At Namely, our coworkers are one of the top reasons we love what we do. The Meet Namely series spotlights real Namely employees across the company. Read on to learn how our employees are helping us build better workplaces.
Mavreen studied religion, classical Greek, and Islamic studies before serving in the Navy. When a back injury ended her Navy career prematurely, she stumbled into video game testing and realized her love of breaking things. In April, Mavreen joined Namely as a Software Testing Engineer and has since taken over testing for Namely’s mobile app—with military precision, we might add.
We chatted with Mavreen about her role and what it’s like to have a career in software testing.
How did you end up in your role at Namely?
I fell into testing. My background is actually in religious studies and classical Greek. I got my master’s in Islamic studies from the University of London and I was trained to be either an academic or intelligence officer. I briefly served in the Navy until I injured my back. While I was recuperating, a friend reached out about a job opportunity at Blizzard Entertainment, a video game company. I took the job and tested Diablo III. I ended up loving testing and that’s how I slowly moved into tech.
Namely was on my radar last year when I was hunting around for new jobs, but the timing wasn’t quite right and I accepted an opportunity at Snapchat. Unfortunately, Snapchat had significant layoffs and I was forced to job hunt again. I called up my friend who worked at Namely and the timing was right. I was technically unemployed for less than six hours and I started at Namely two weeks later.
What’s your favorite thing about your role?
I get to break things. My mom said I’d never make a career out of breaking things but look at me now! My company likes it when I break things!
What does your average work week look like?
We work in two-week sprints. So in the beginning of our sprint, I’ll have more meetings and later in the sprint I’ll work on writing automated testing for new features that are coming out or I’ll try to learn something quickly to help out another team. Right now we’re building a large framework, so I’m doing a lot of reading and evaluating to figure out what would be the right tool for us.
Is there something that would surprise people about your job?
It isn’t just about breaking things. You have to be able to put things back together in a better way. It requires a lot of imagination to think about what could potentially go wrong. When people think of engineering, they assume it’s all black and white ones and zeros, but you need to have a great imagination to be a test engineer.
If you weren’t in this role, what would you be doing?
I do a lot of screenwriting in my spare time, so I probably would have sold my soul to Netflix to get one of my series published. I’m actually writing and producing my own web series right now that will be filmed this fall. The main character makes cars and costumes for superheroes.
What’s your favorite thing about working at Namely?

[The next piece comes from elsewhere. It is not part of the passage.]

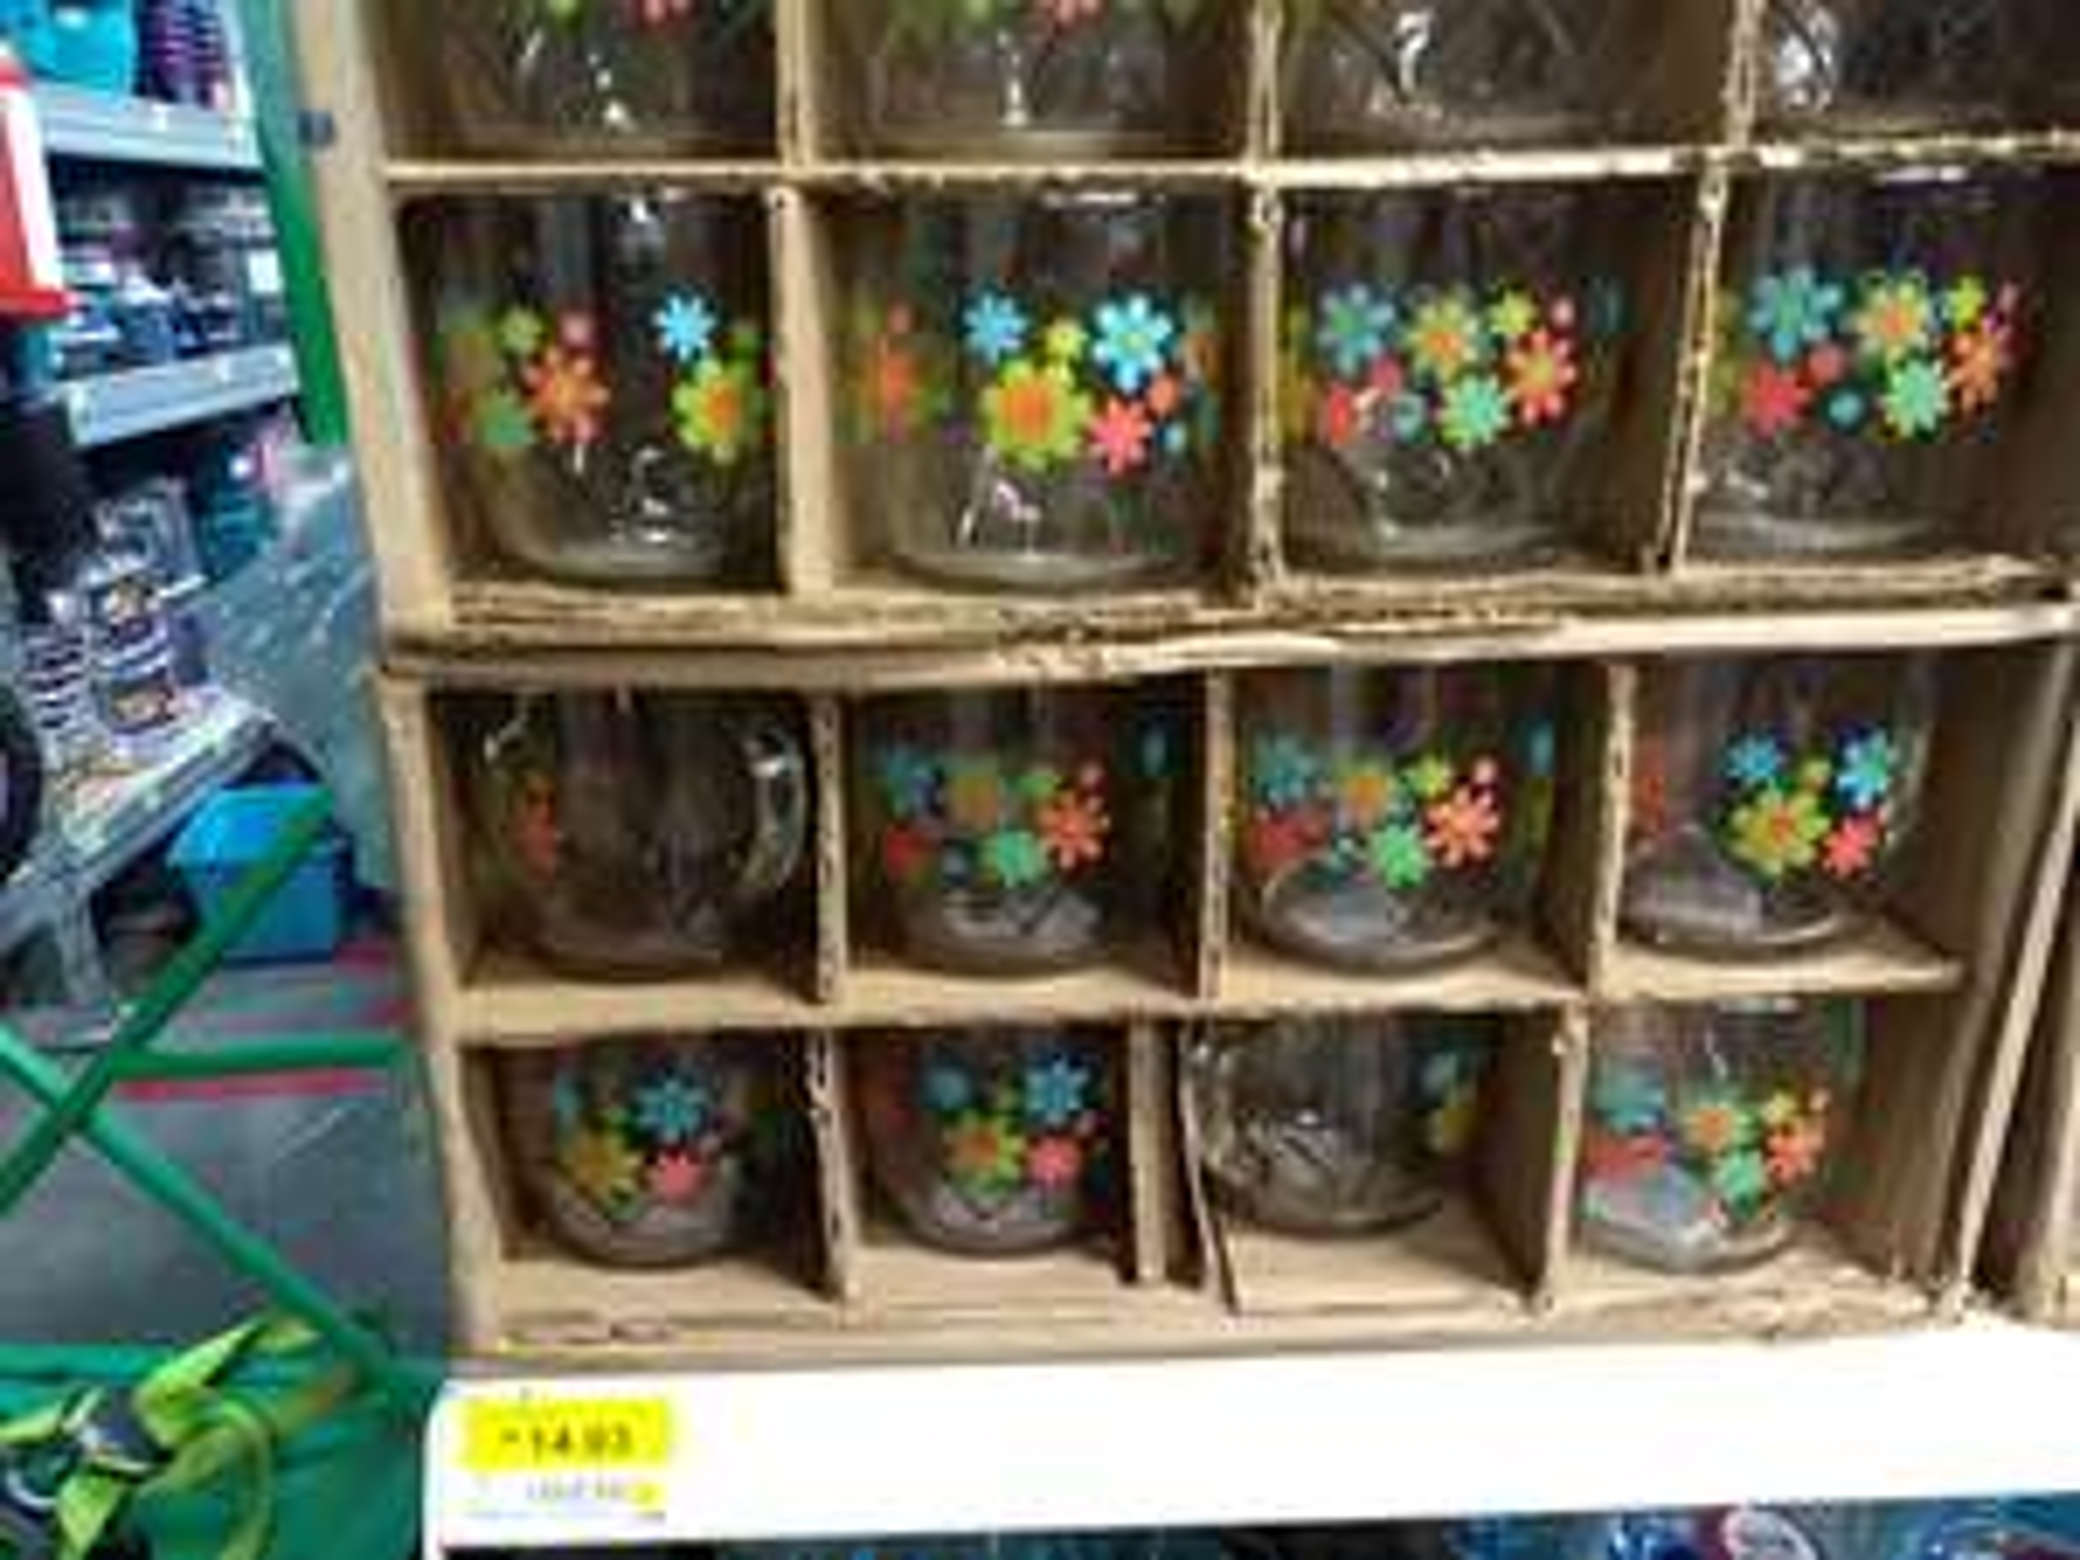 Bodega Aurrerá: Diferentes tazas y vasos con adornos navideños en el área de priichos en bodega aurrera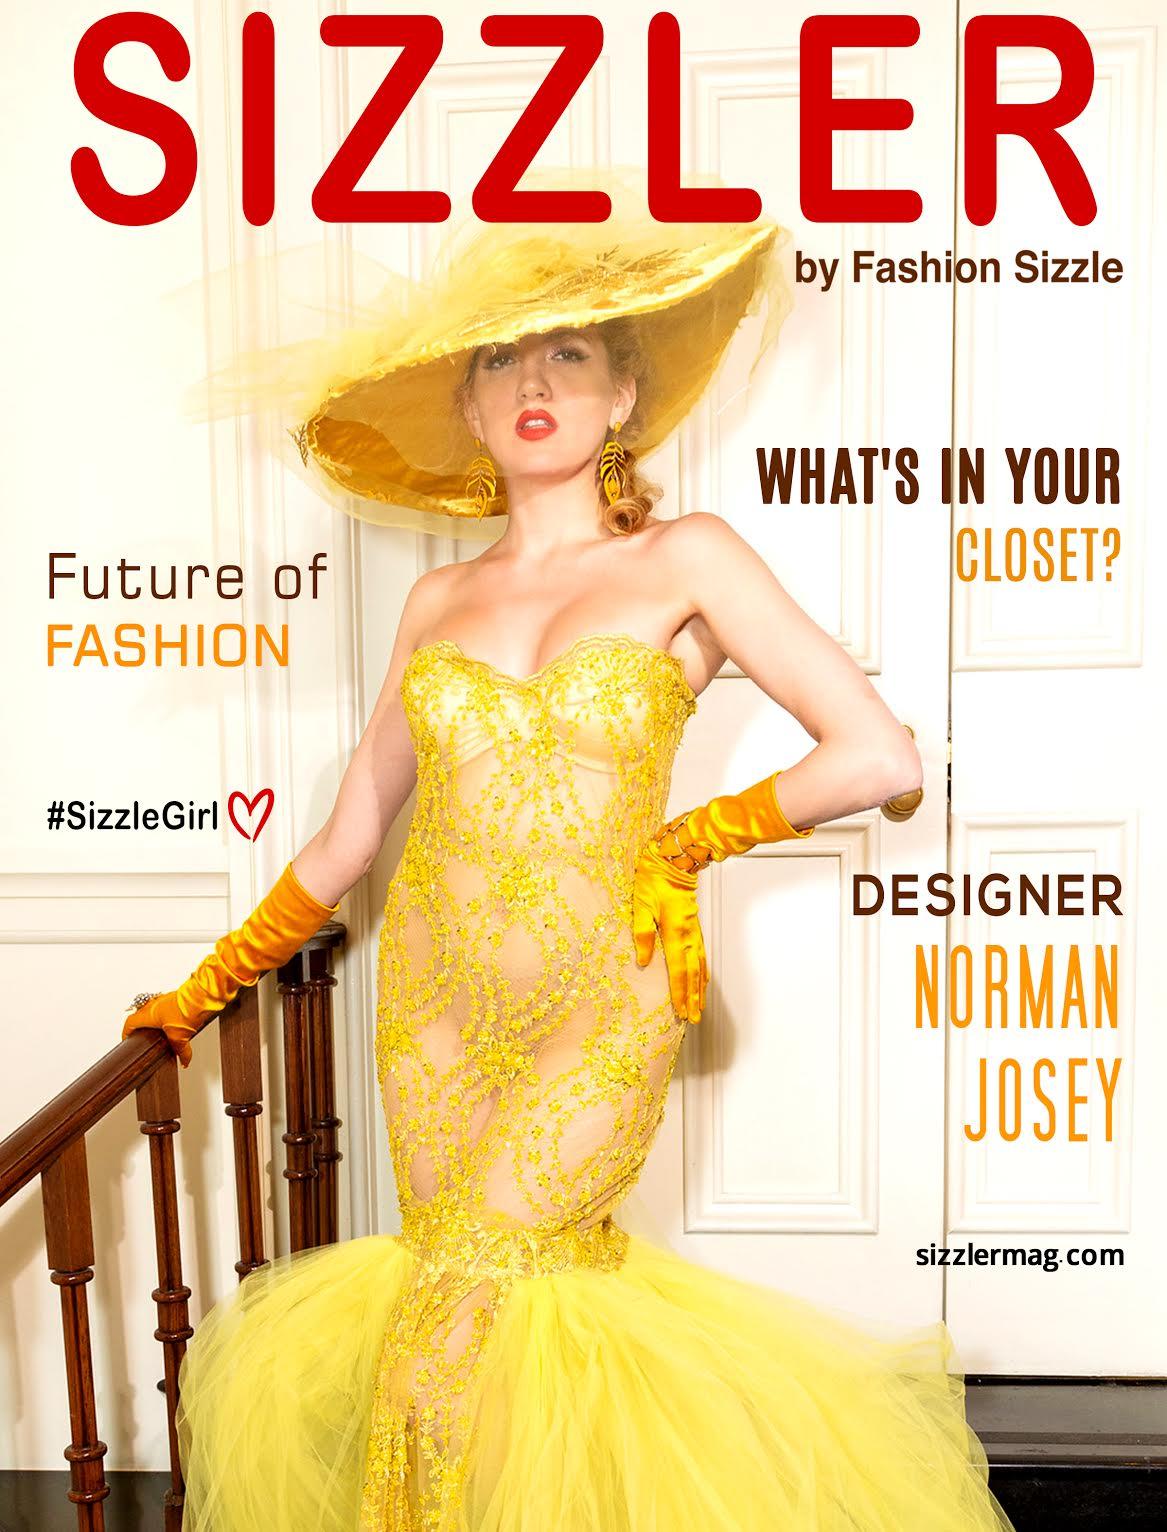 sizzler-magazine-a-digital-fashion-lifestyle-magazine-launches

I like how collaborative it is. I can walk up to anybody and say, “Hey, I have this problem and I’ve heard that you are the person who might be able to help me.” People here are always enthusiastic about answering my questions. I never found that attitude at the other companies I’ve worked for. It’s great to be able to collaborate like that.
What’s your favorite thing about working in the Engineering Department?
I don’t have a technical background and I can ask all these insanely brilliant people how things work and they are always more than happy to help.
What’s your favorite office snack?
The huge vat of M&Ms.
Do you have any advice for someone who wants to do your job?
You need to be able to learn quickly, imagine all the potential outcomes, and think about the big picture. It’s easy to get down in the weeds and fixate on an individual test, but you need to understand how everything is related at a macro level. We will never achieve zero-defect software, but we need to mitigate the risk so we can roll out new features faster and be certain that one change won’t bring all of Namely crashing down.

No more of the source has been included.